### REQUIRED WORK
The reply should contain only the lines from the start of the records through the line with "終於迎接 Kubernetes,VMware 推出", reproduced verbatim and without pictures.

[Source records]
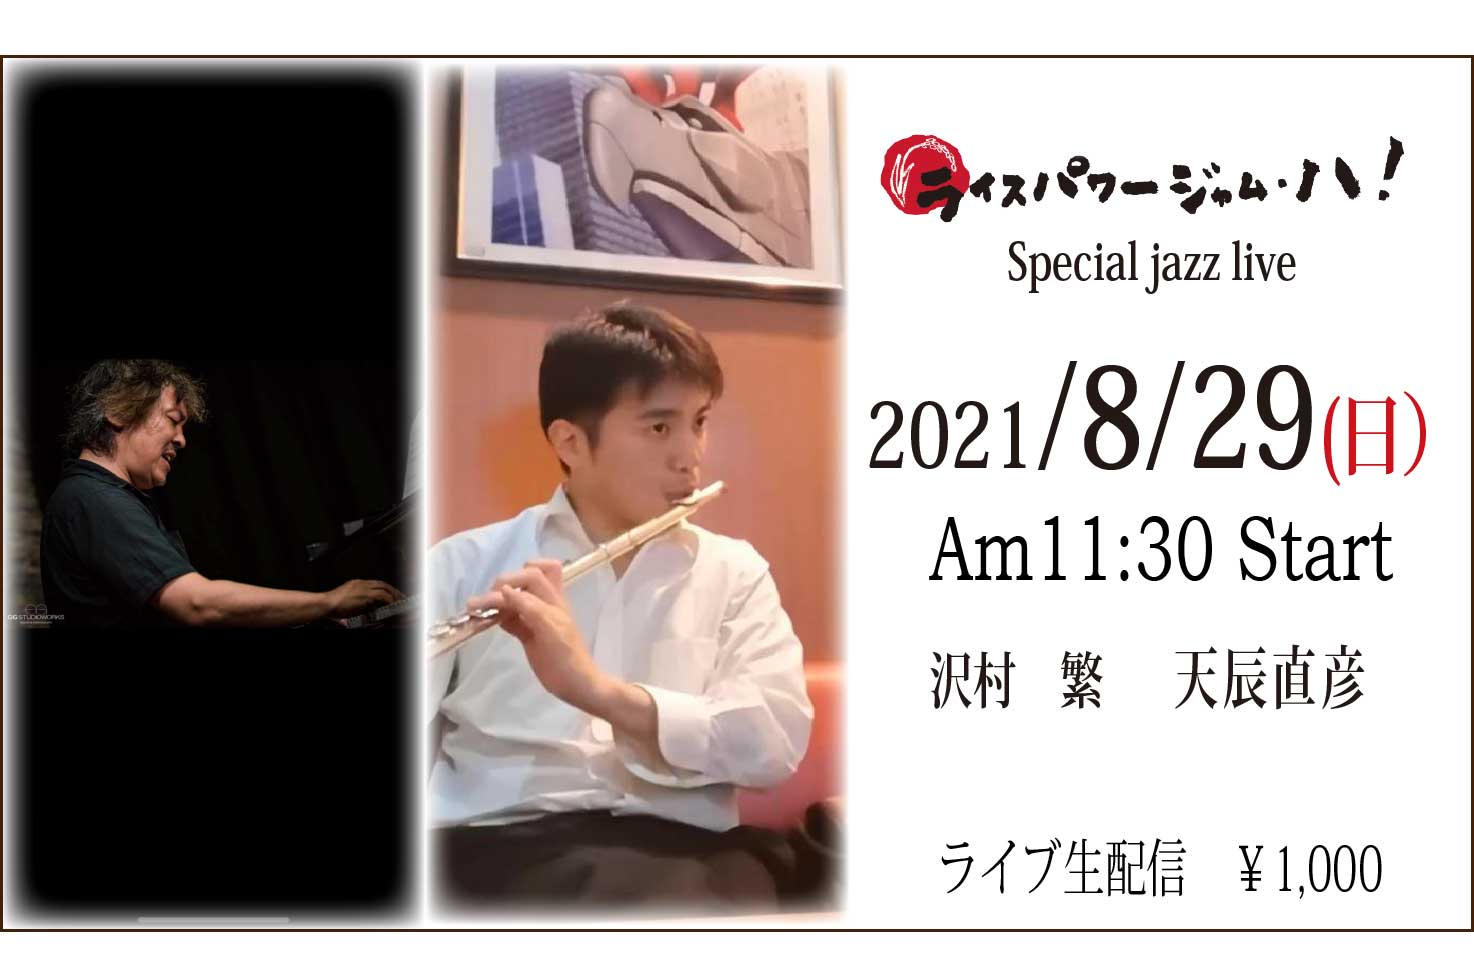 2021年8月29日 ライスパワージャム八王子ライブ 投げ銭
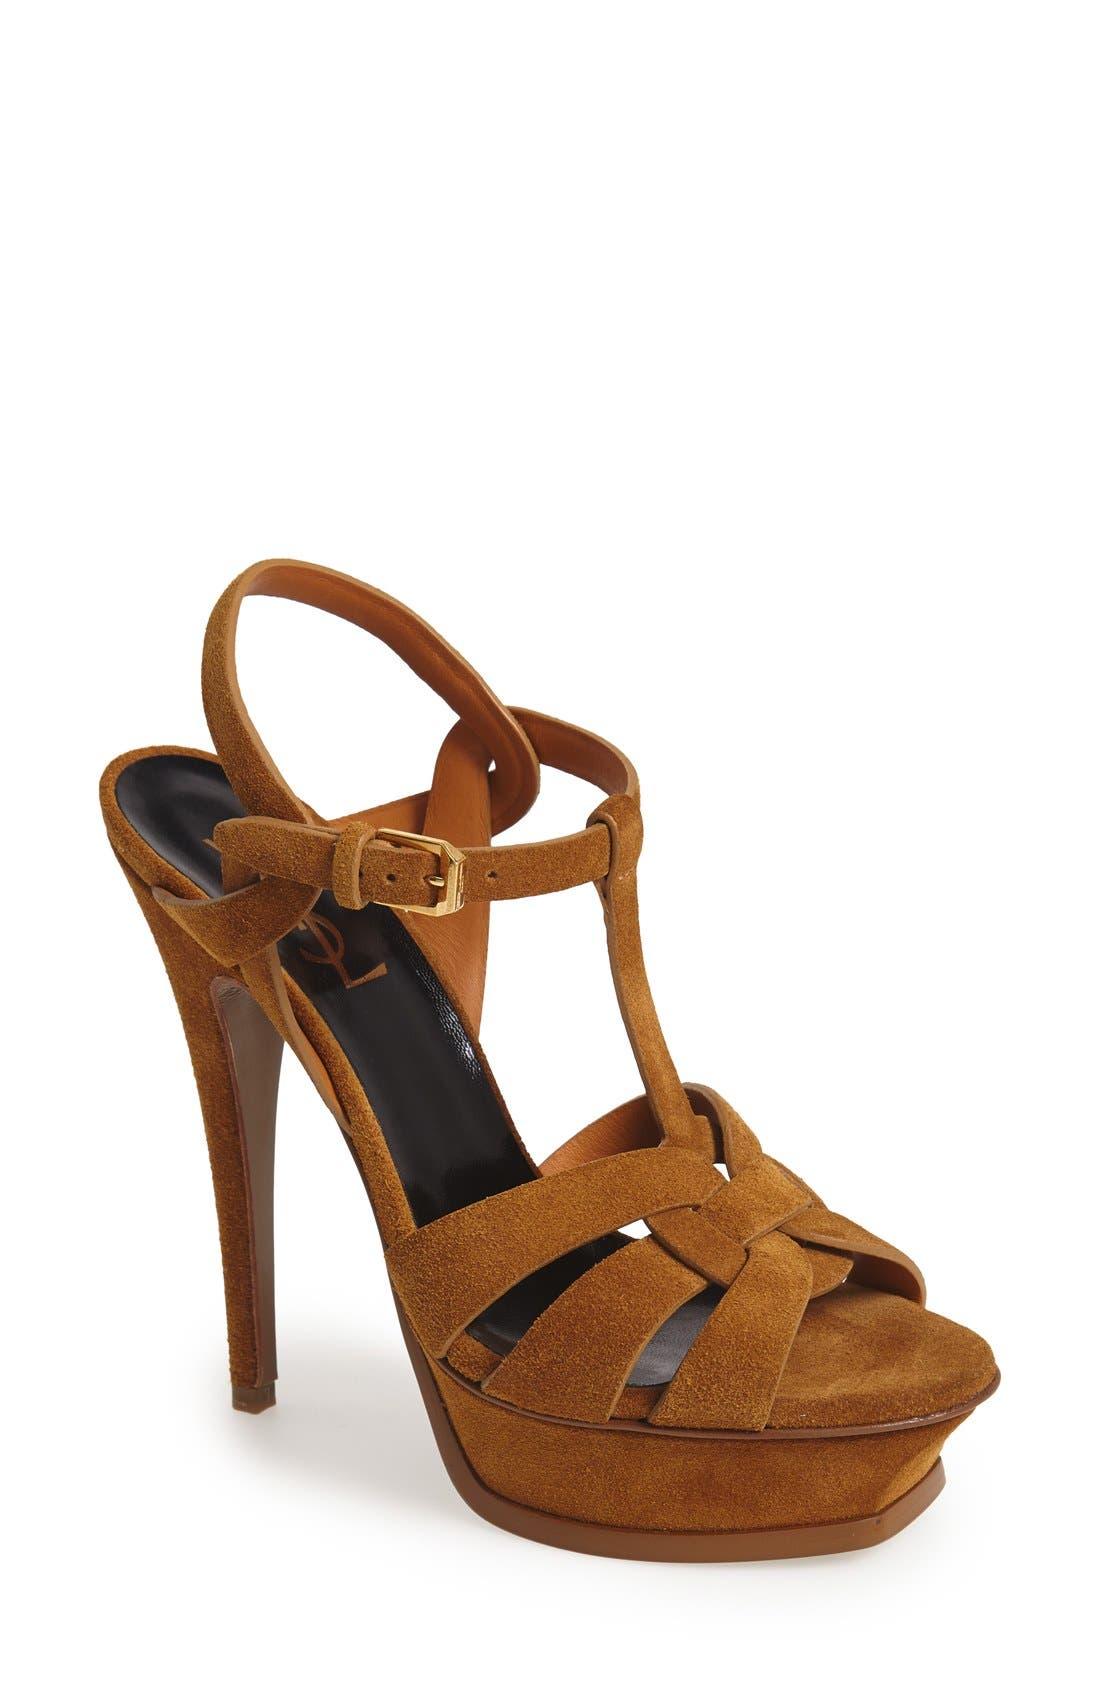 Main Image - Saint Laurent 'Tribute' Suede T-Strap Sandal (Women)
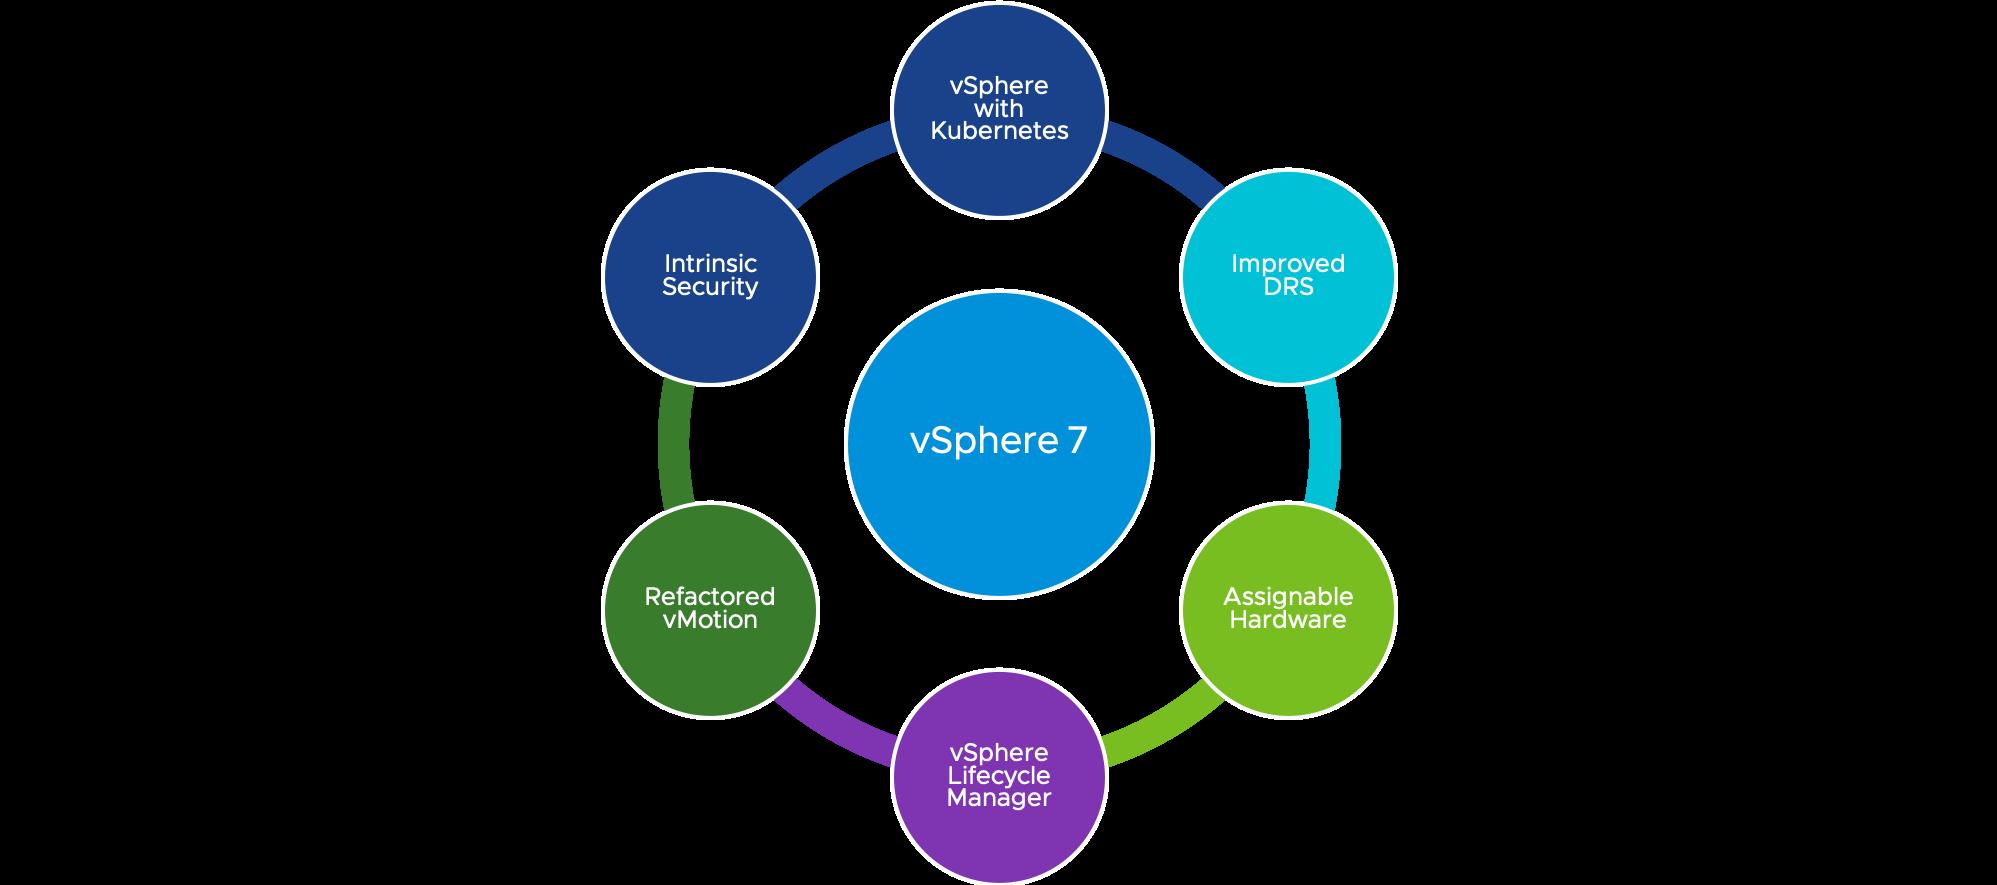 終於迎接 Kubernetes,VMware 推出 vSphere 7 等產品助客戶構建現代化應用
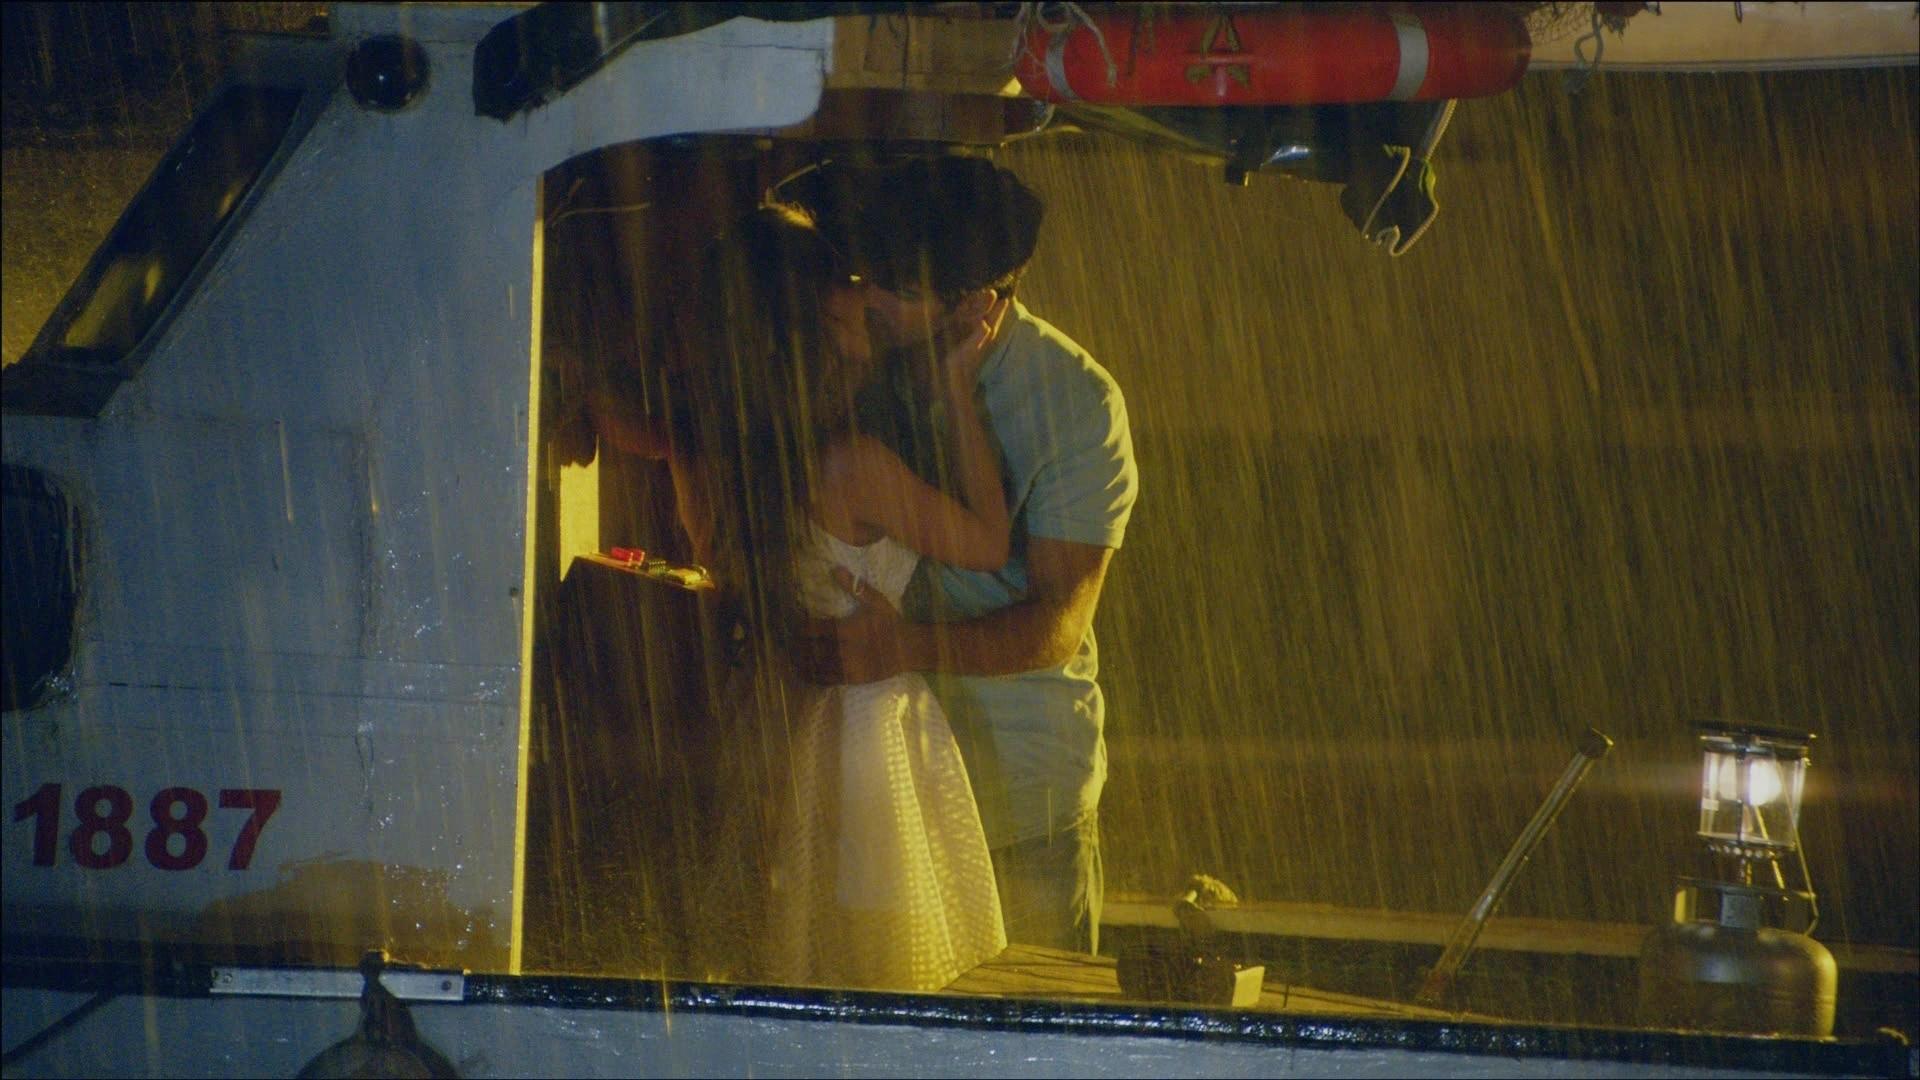 IMAGINI INEDITE cu scenele primei nopti de DRAGOSTE dintre Kemal si Nihan! Dragostea celor doi protagonisti a fost IMPOSIBILA, insa ipostazele lor de iubire vor ramane pentru totdeauna in inimile fanilor
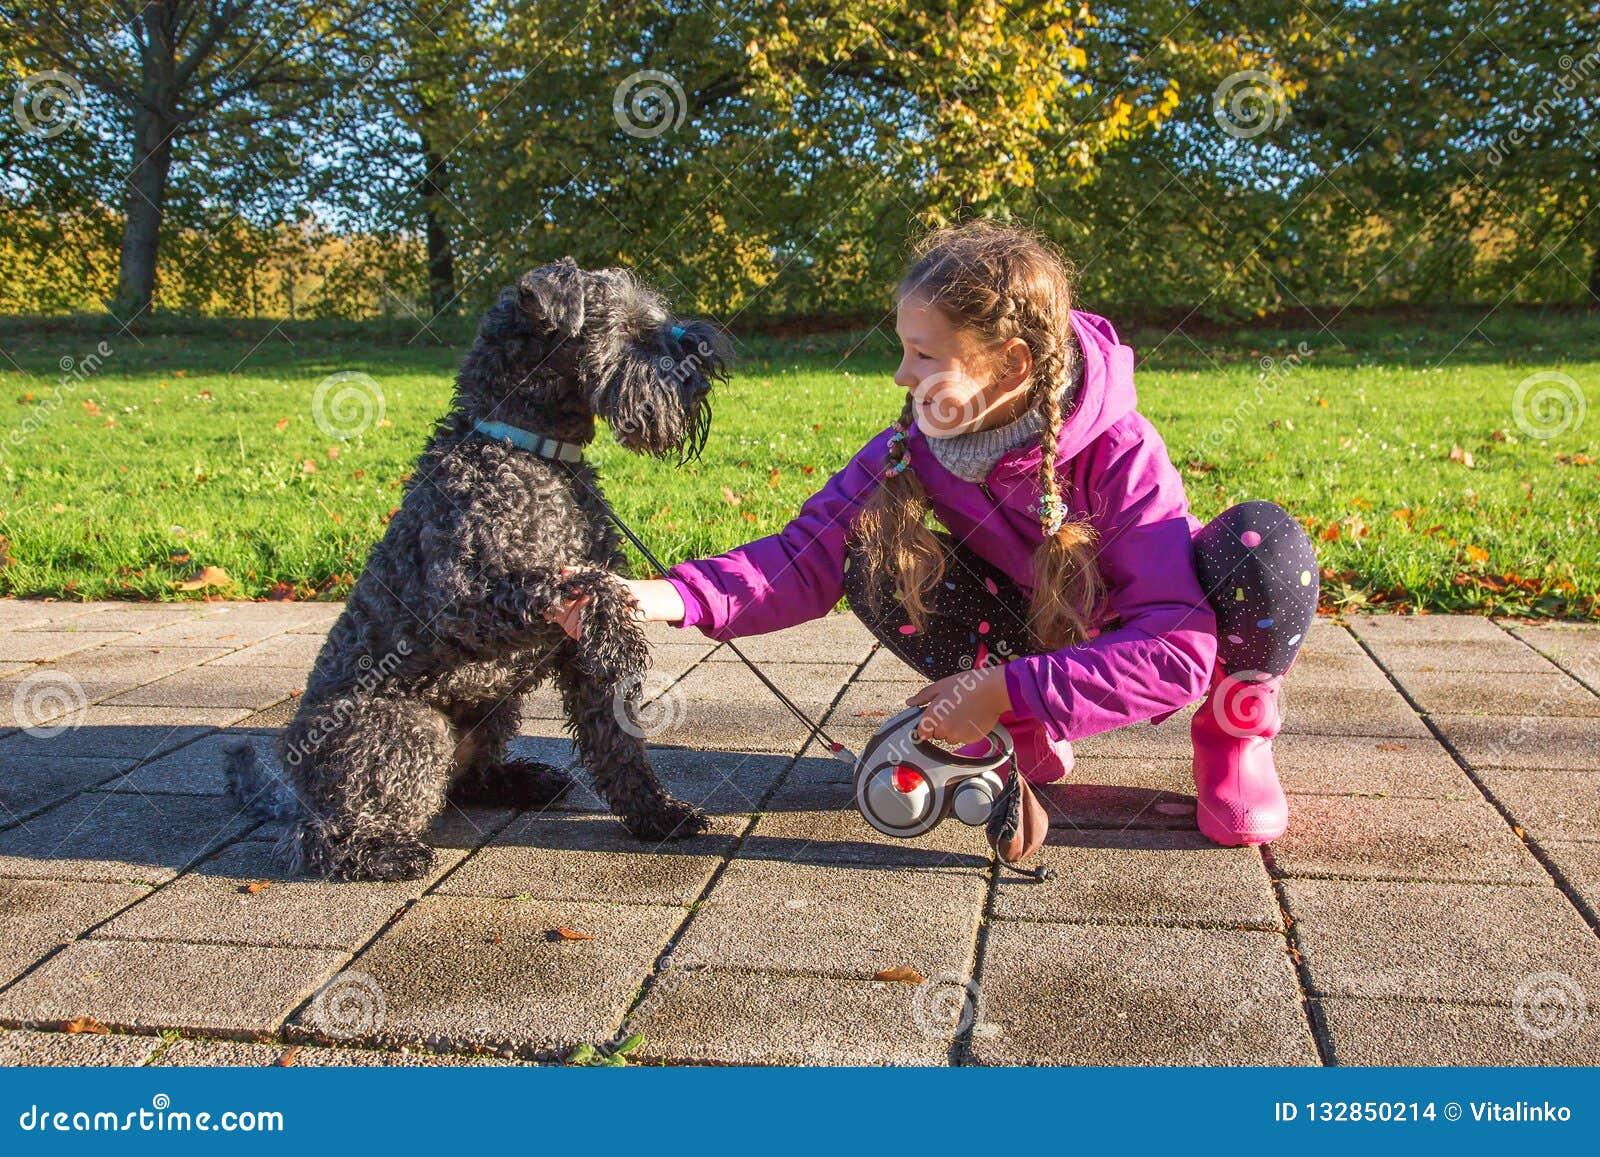 Uścisku dłoni dzieciak i pies przyjaźń z zwierzętami

### ANSWER TO THIS TASK
 2021年8月29日 ライスパワージャム八王子ライブ 投げ銭
 Main Image - Saint Laurent 'Tribute' Suede T-Strap Sandal (Women)
 終於迎接 Kubernetes,VMware 推出 vSphere 7 等產品助客戶構建現代化應用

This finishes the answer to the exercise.